## What to work on
With the pictures omitted, repeat exactly the lines below starting with the line that has "Avocado & Egg Waffles" and going on through the line that has "Ropa de la mujer".

## Extracted material
*****

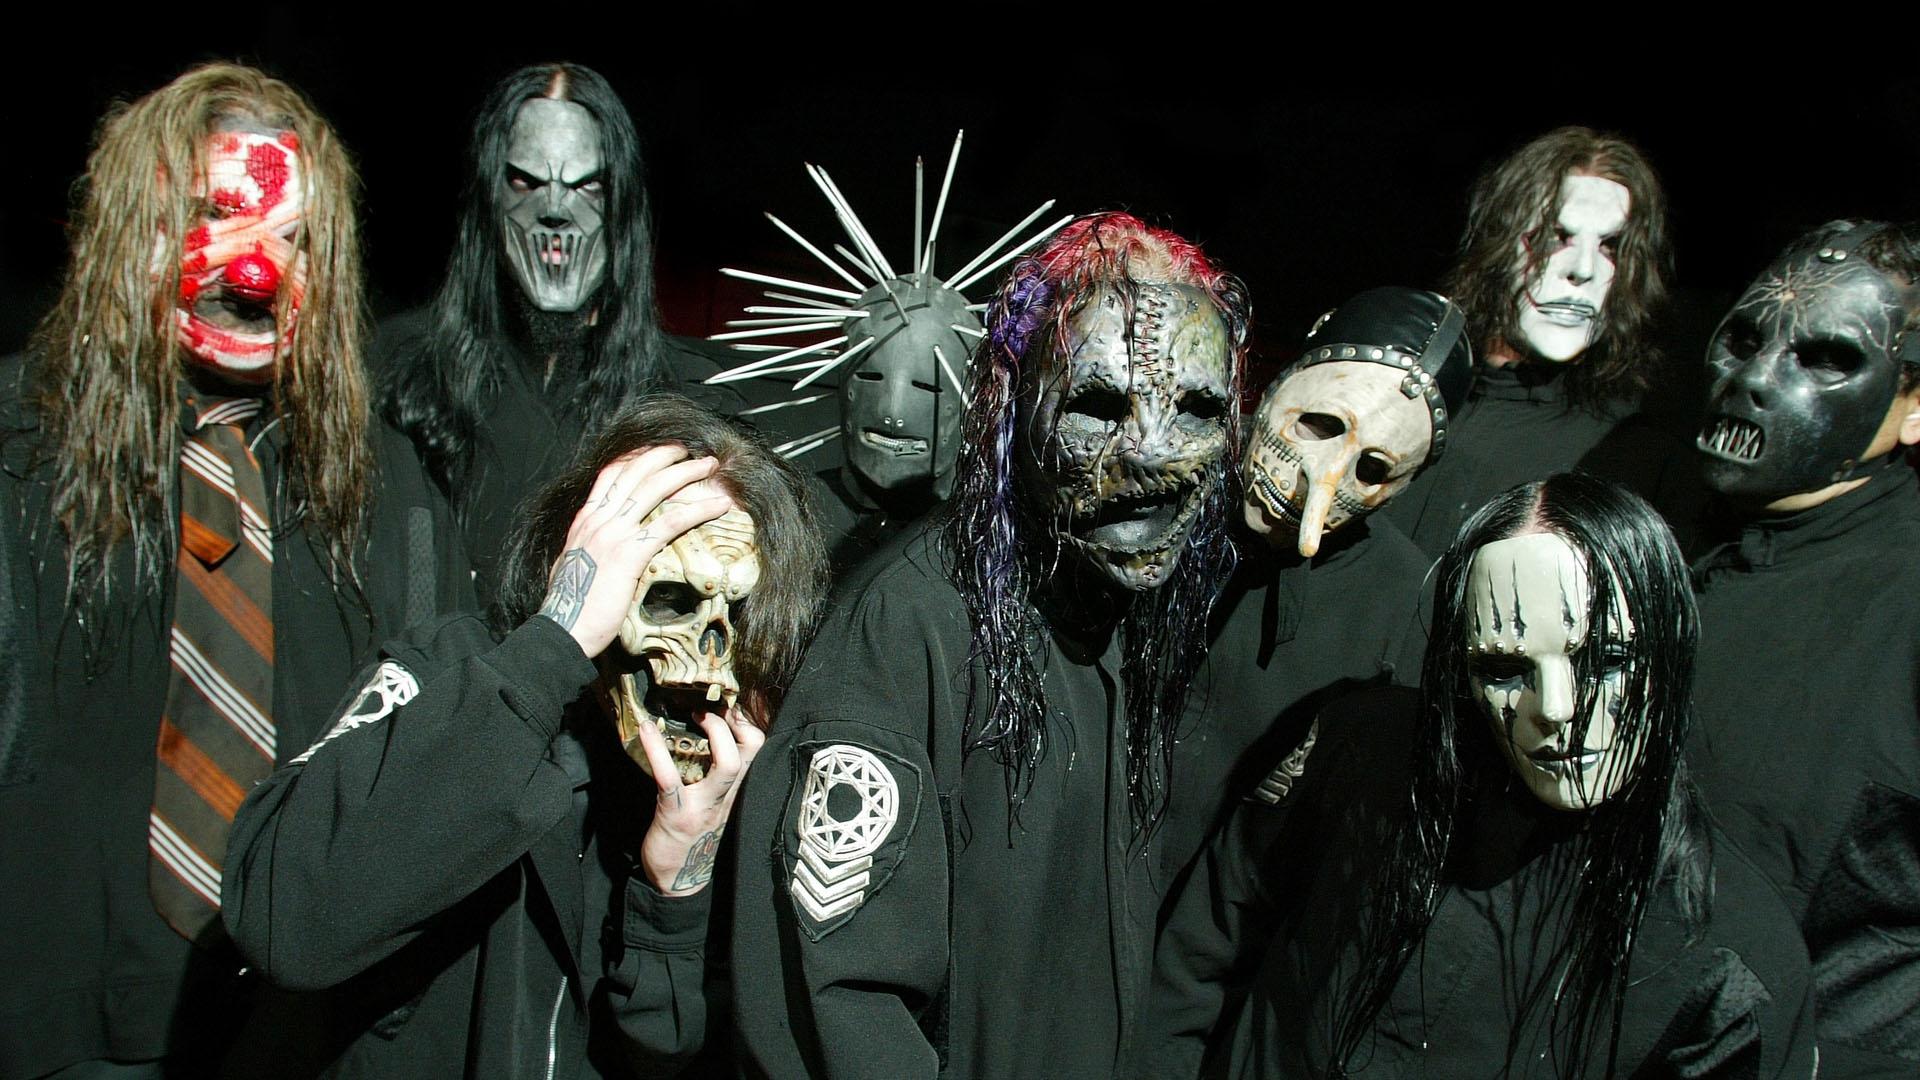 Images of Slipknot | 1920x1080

*****

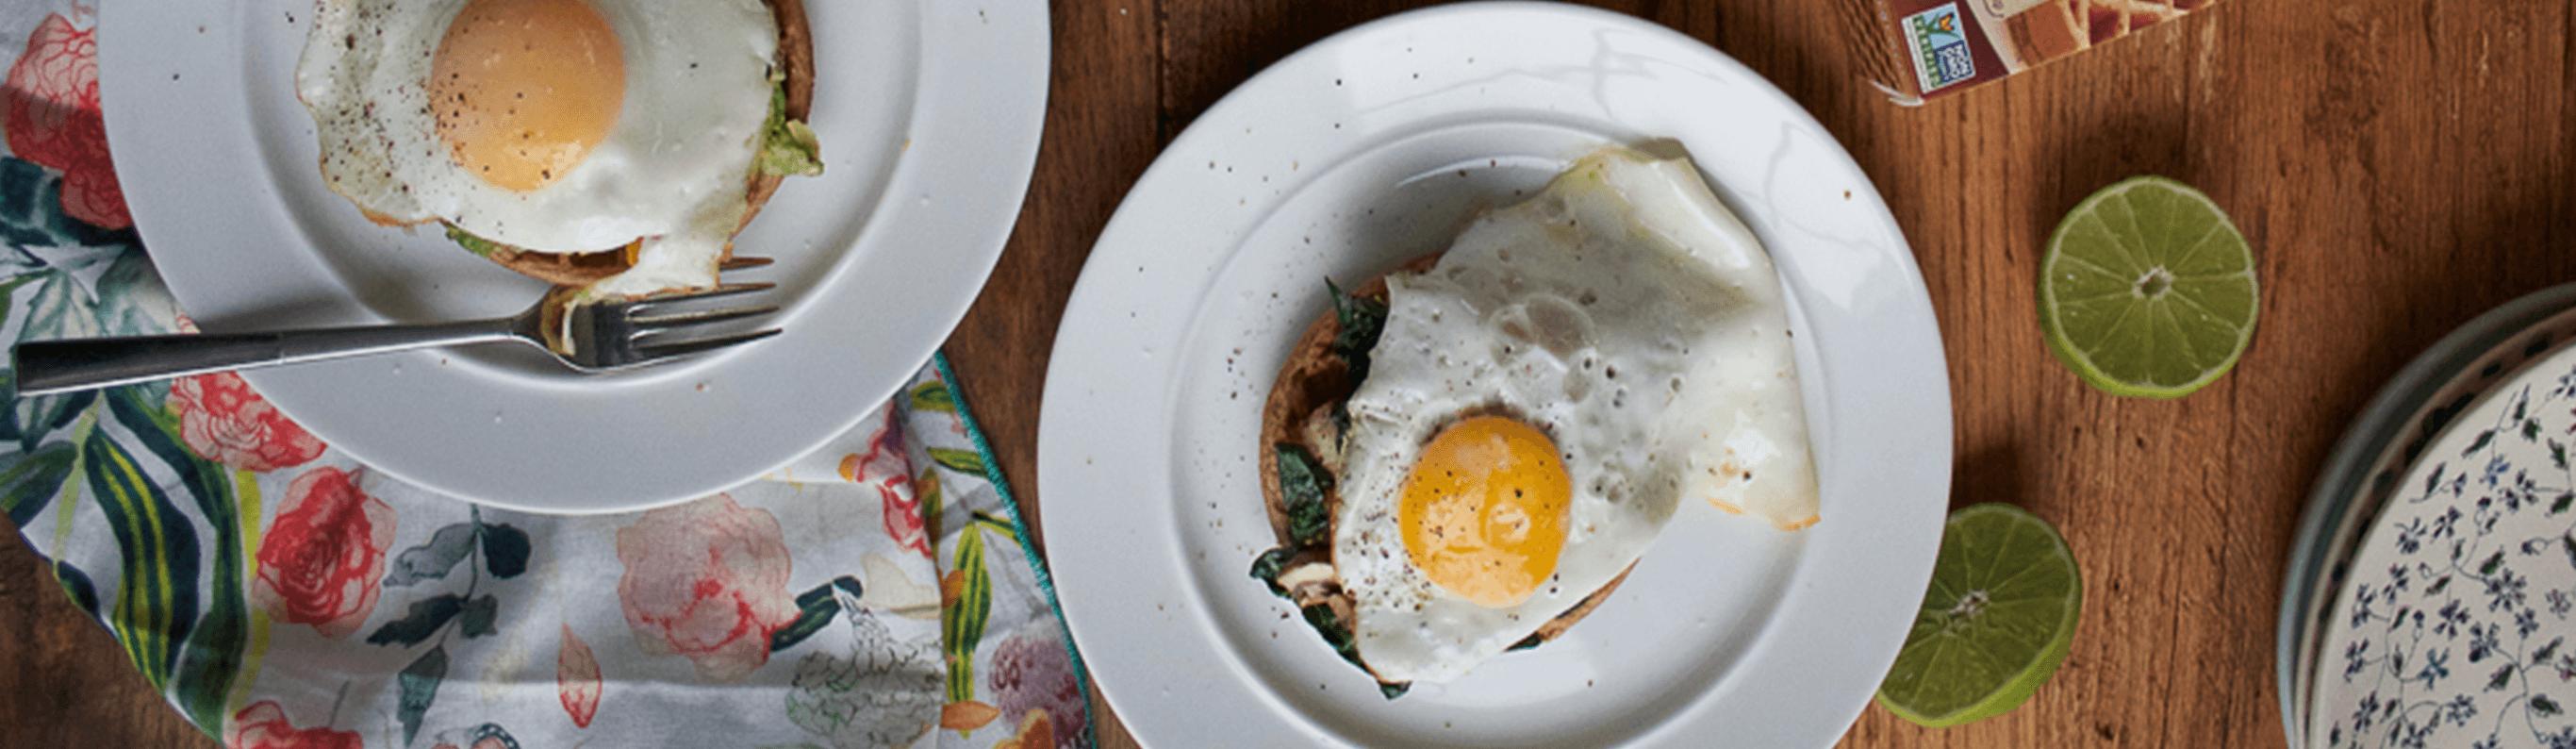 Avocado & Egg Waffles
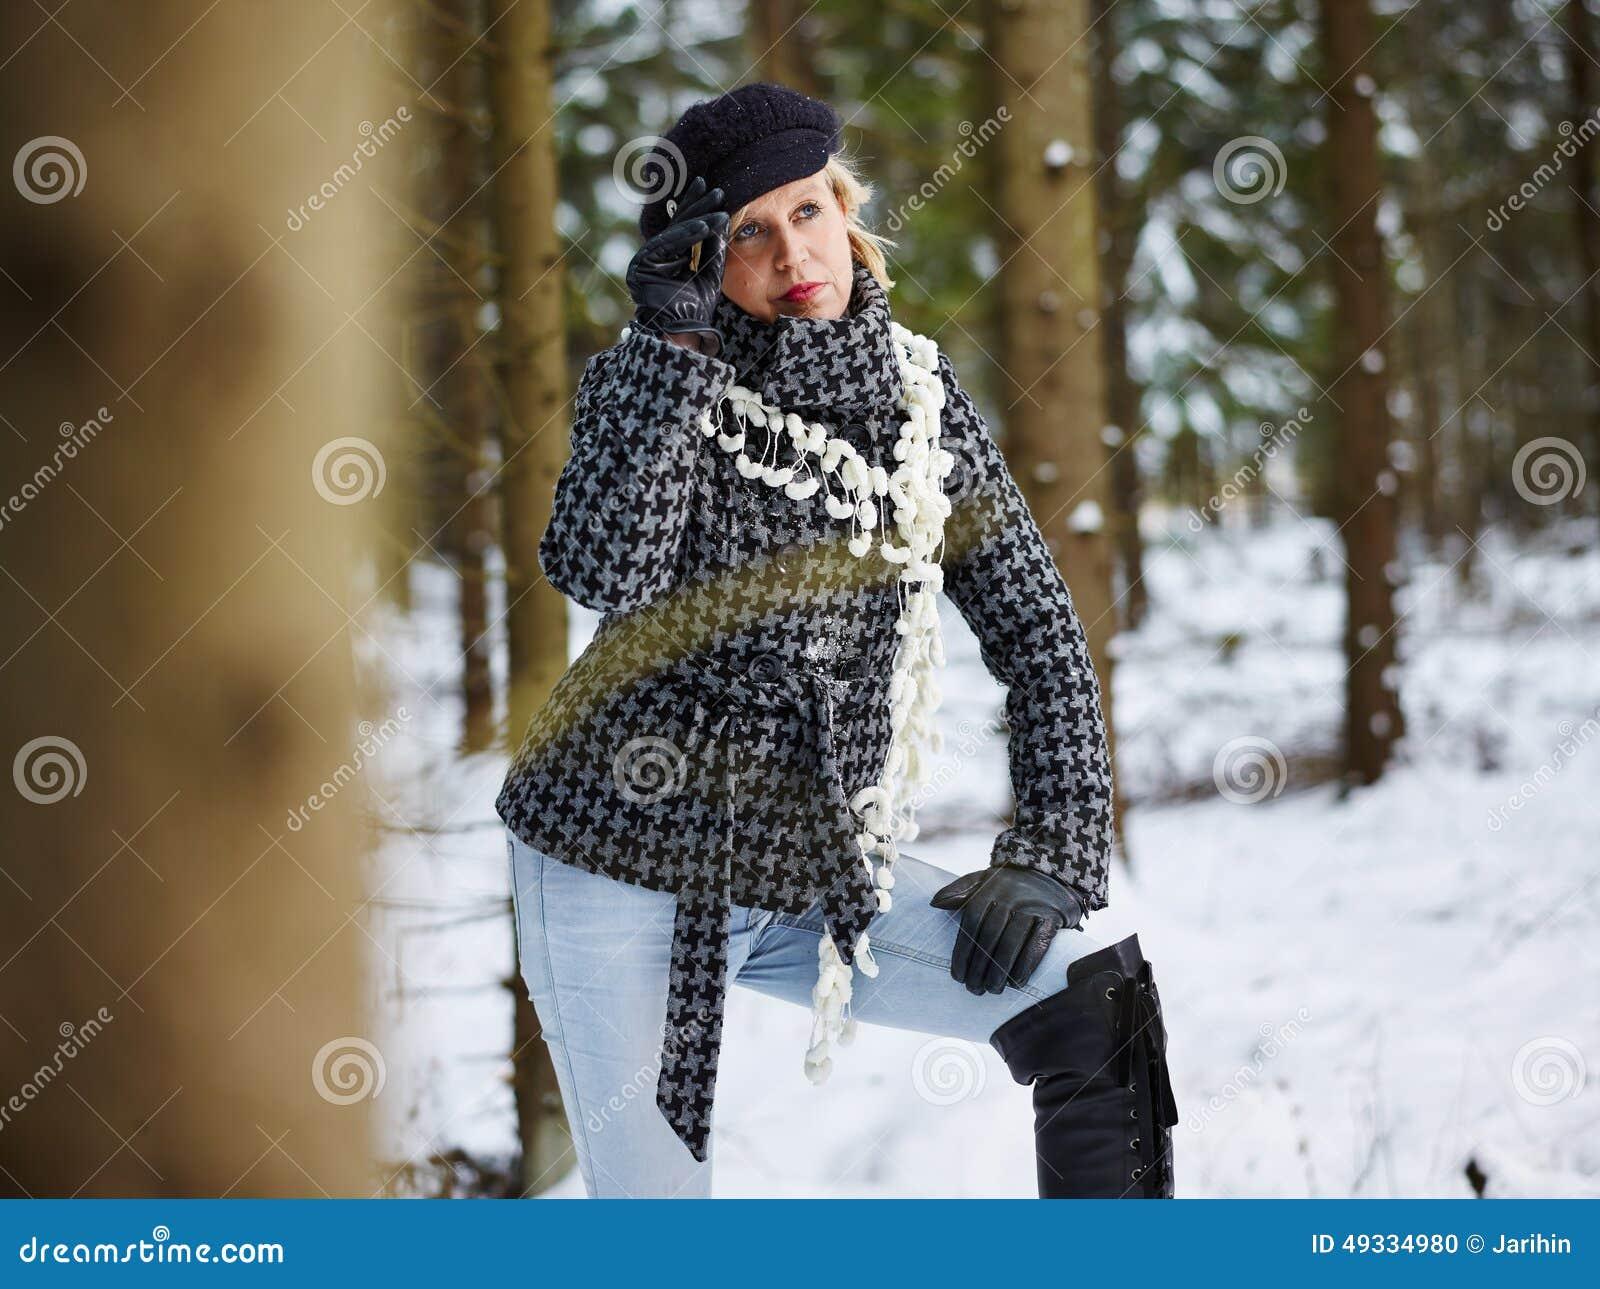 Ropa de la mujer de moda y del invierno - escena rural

*****

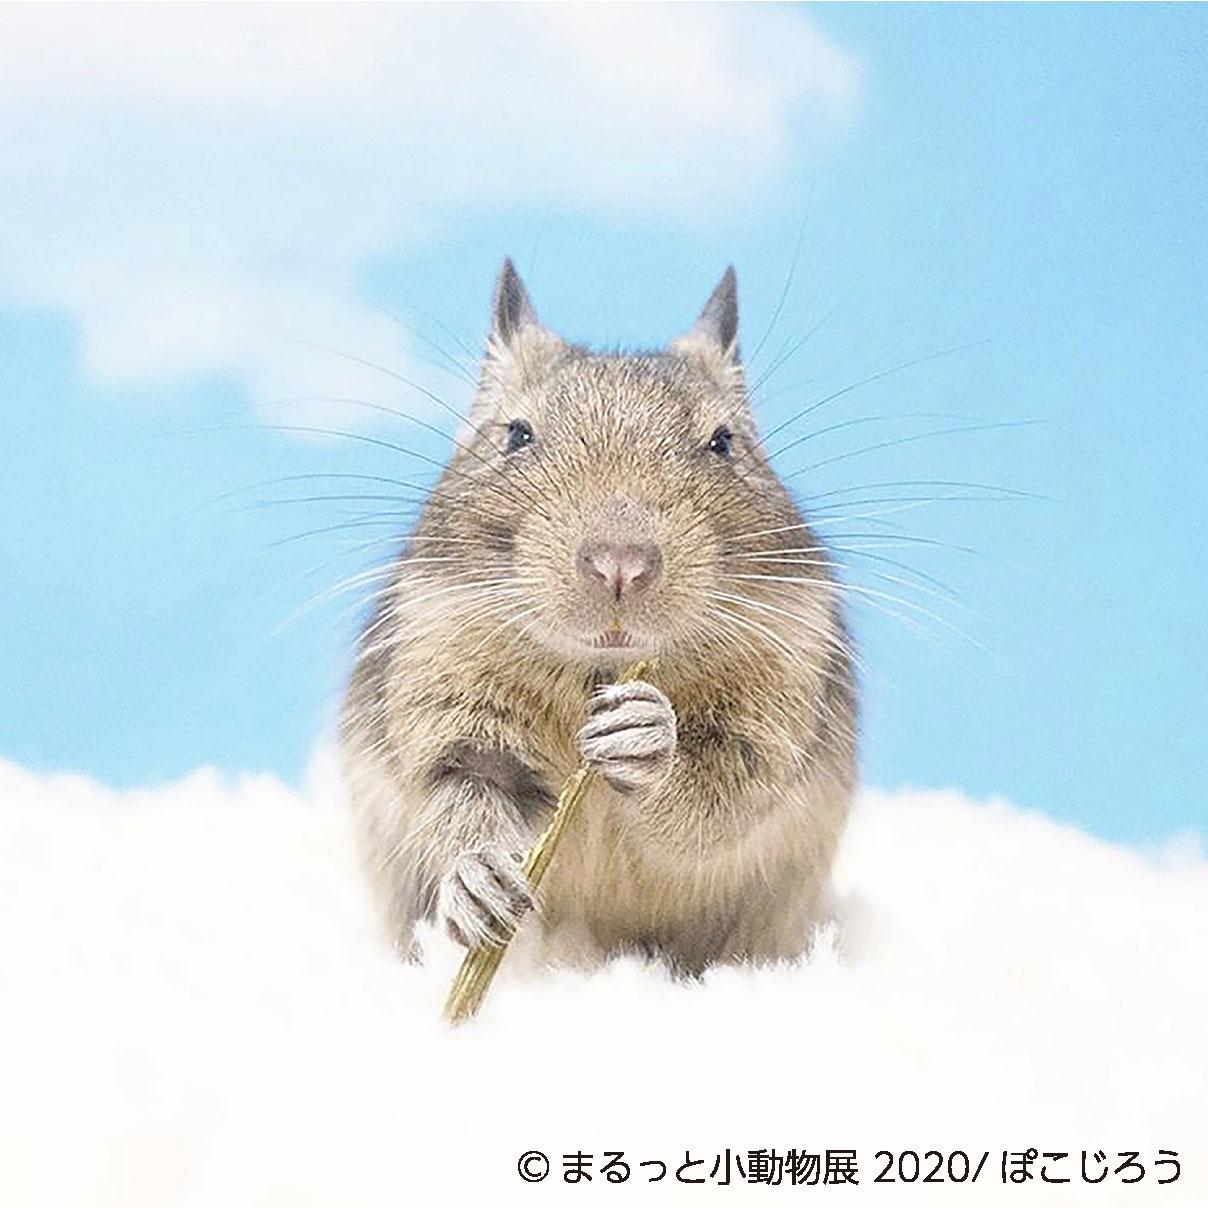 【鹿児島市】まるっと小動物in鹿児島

*****

## Written solution
 Avocado & Egg Waffles
 Ropa de la mujer de moda y del invierno - escena rural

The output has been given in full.